Exercise requirements: Omitting all images, set down every line below exactly as it appears.

Data segment:
====
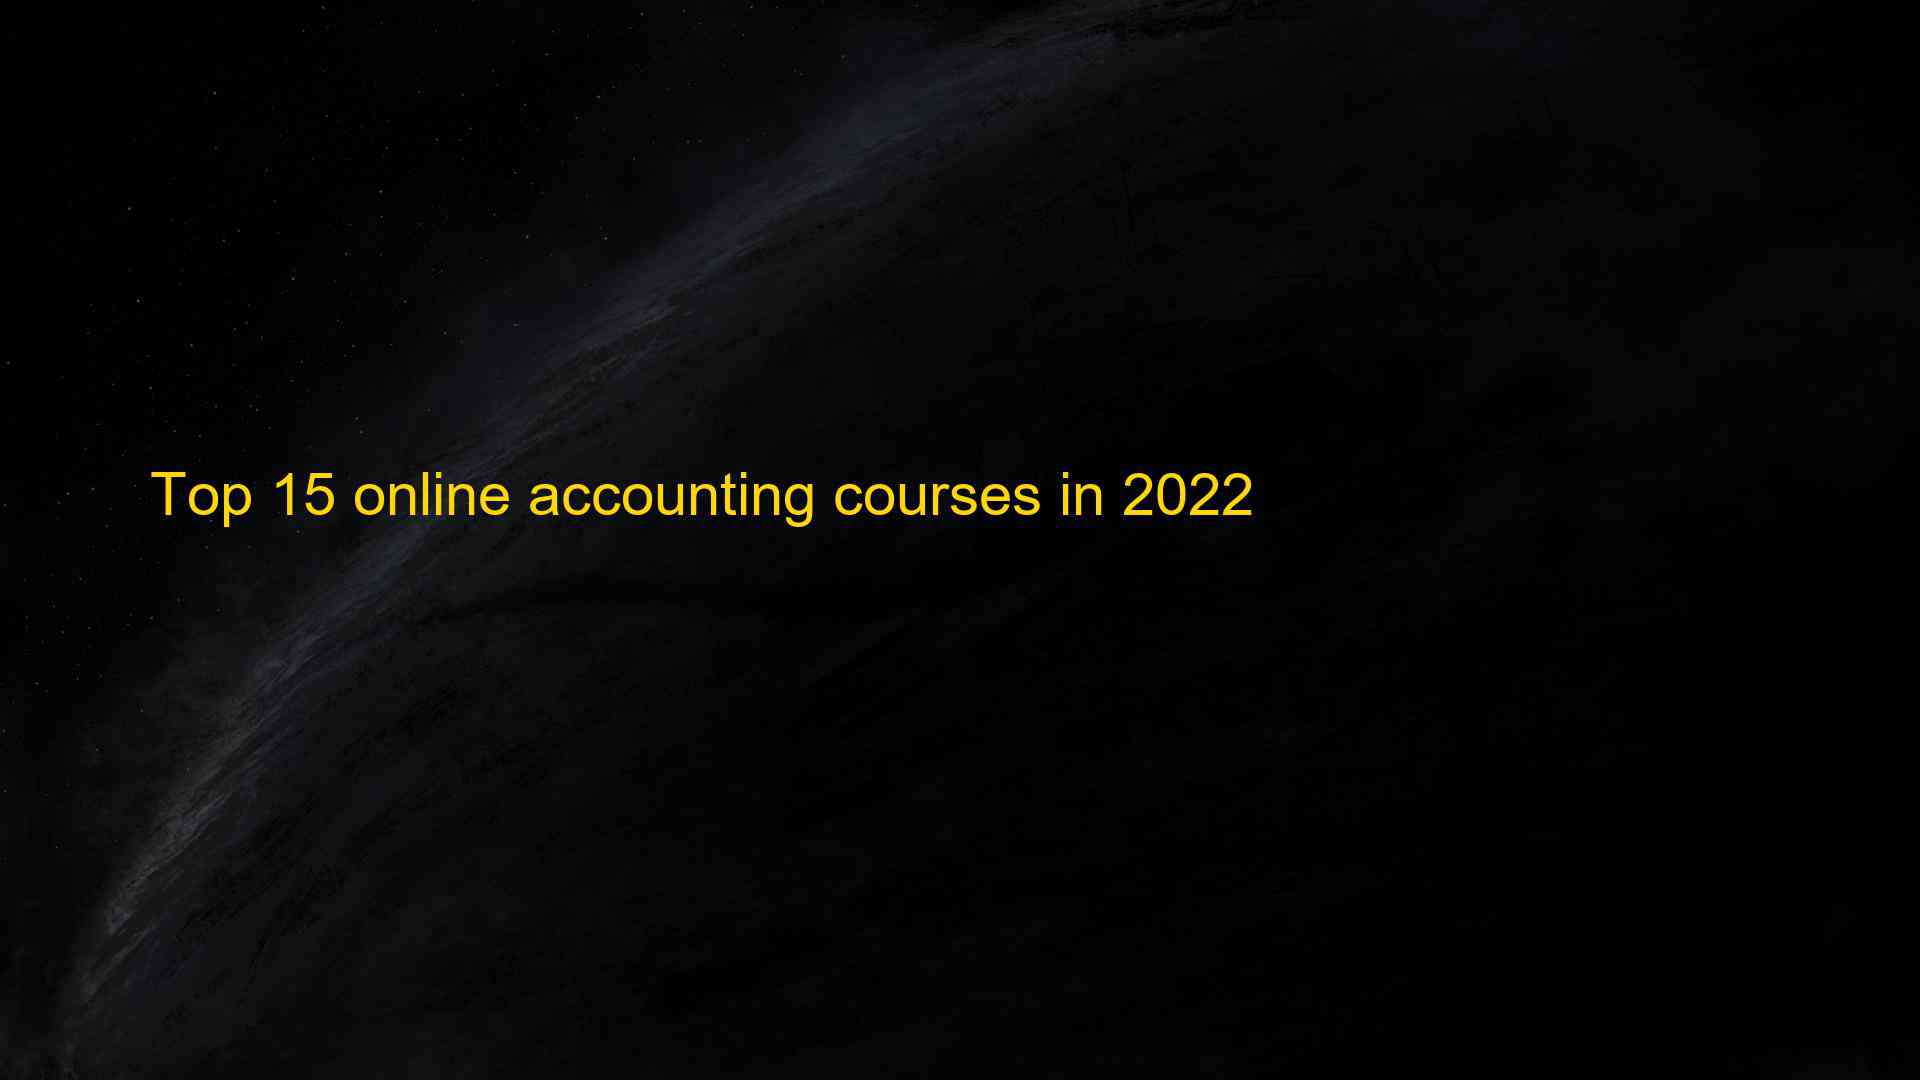 Top 15 online accounting courses in 2022 1660721701
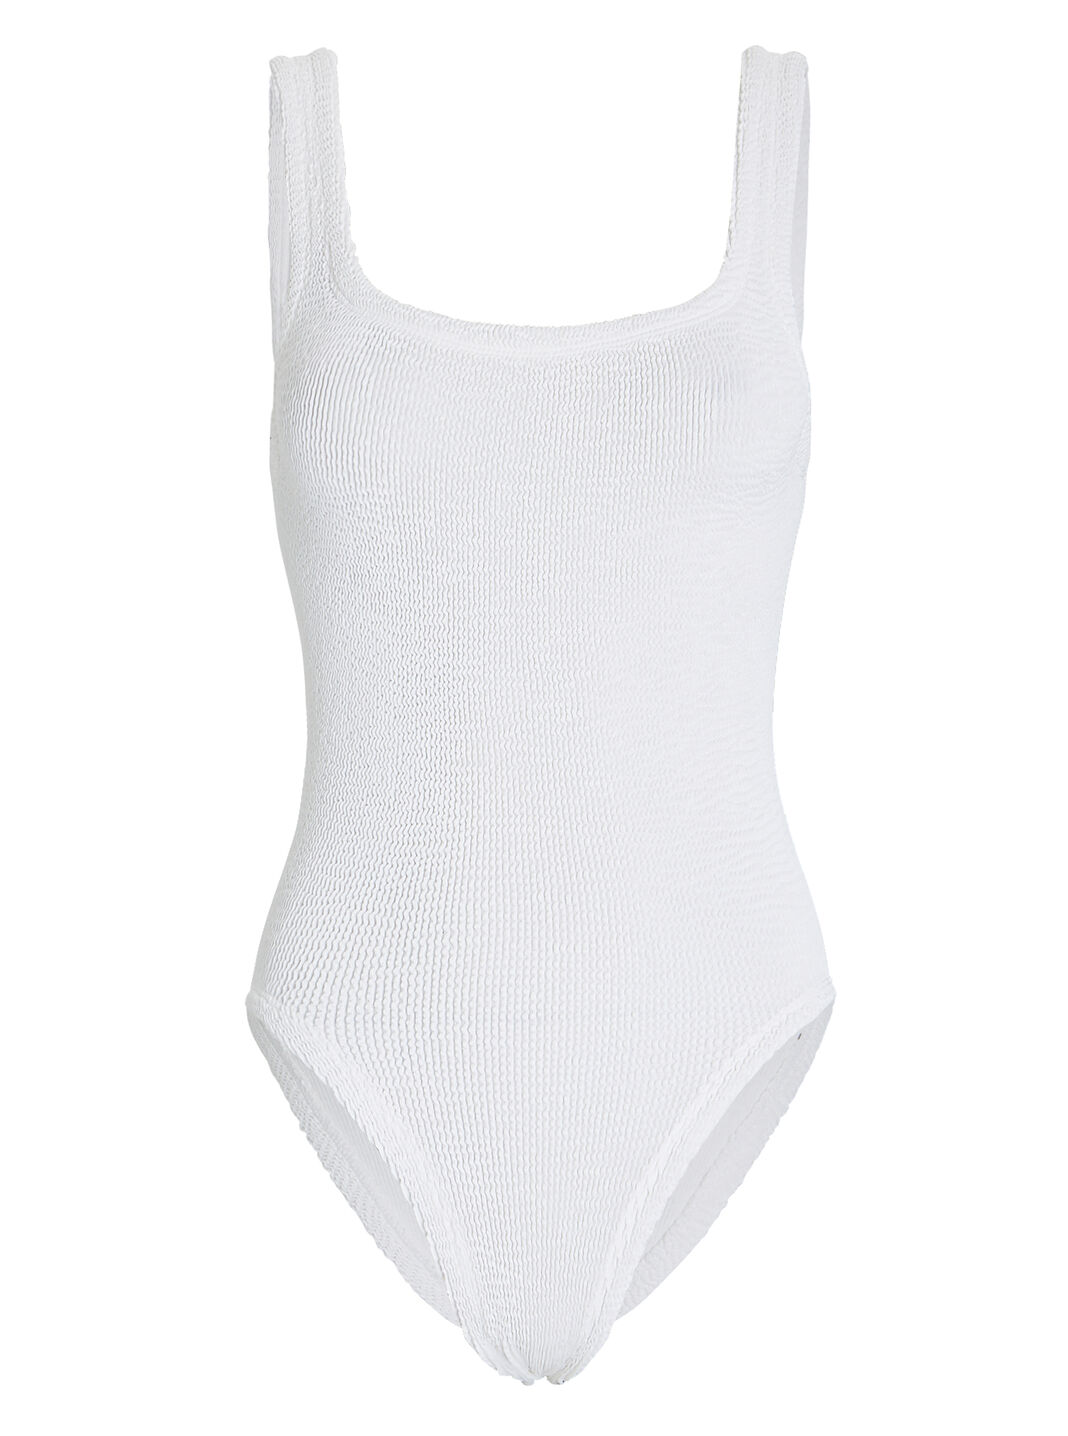 Square Neck One-Piece Swimsuit
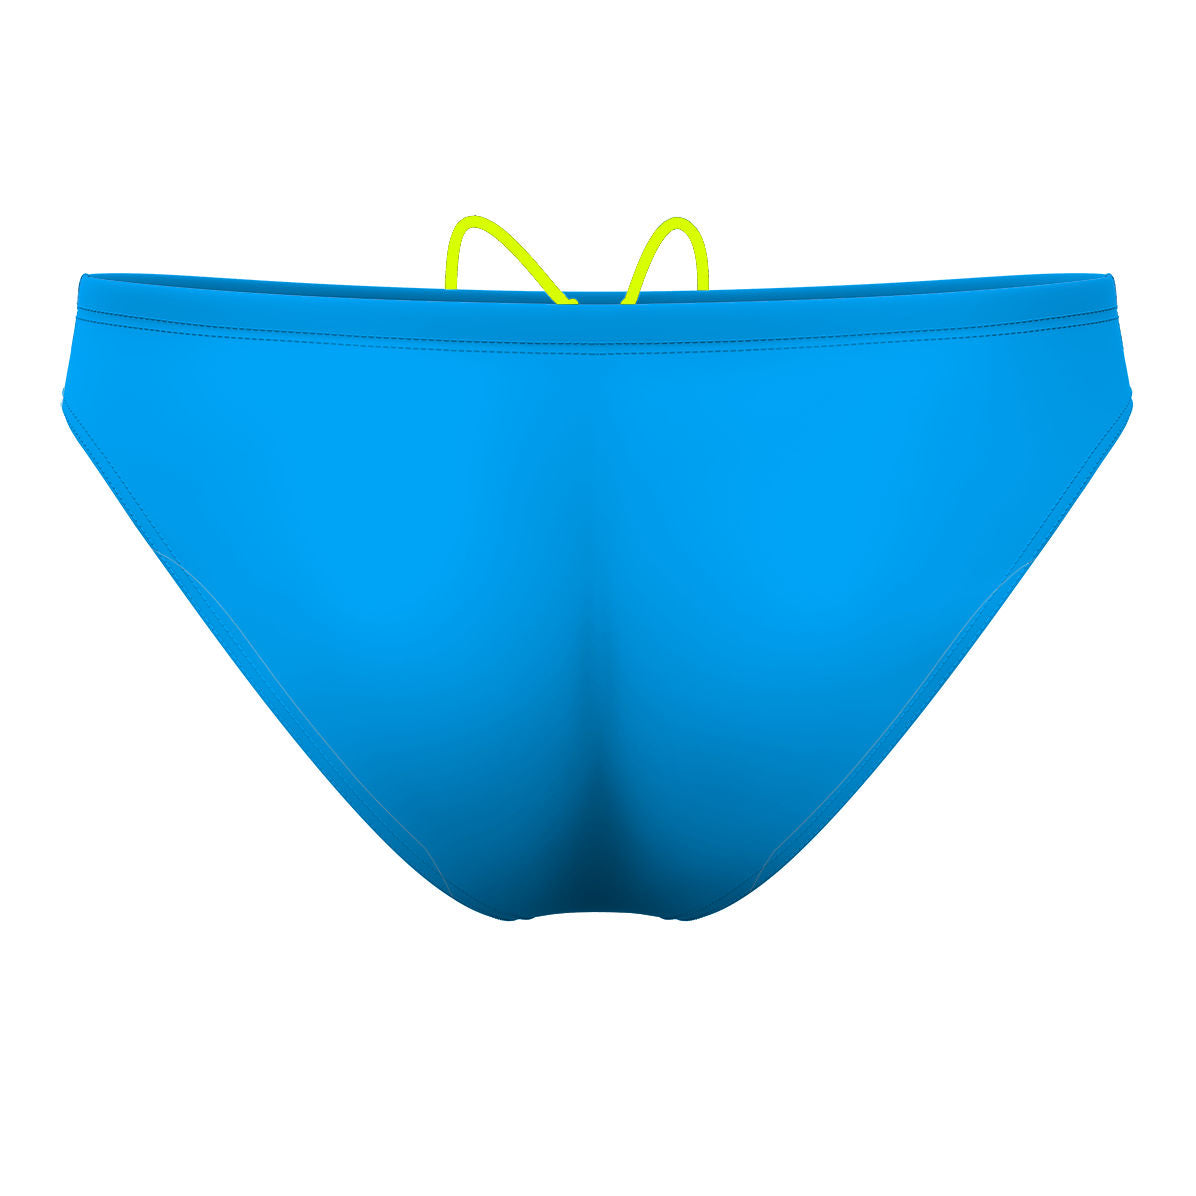 03/29/2023 - Waterpolo Brief Swimsuit
====
Answer below:
 Top 15 online accounting courses in 2022 1660721701
 Square Neck One-Piece Swimsuit
 03/29/2023 - Waterpolo Brief Swimsuit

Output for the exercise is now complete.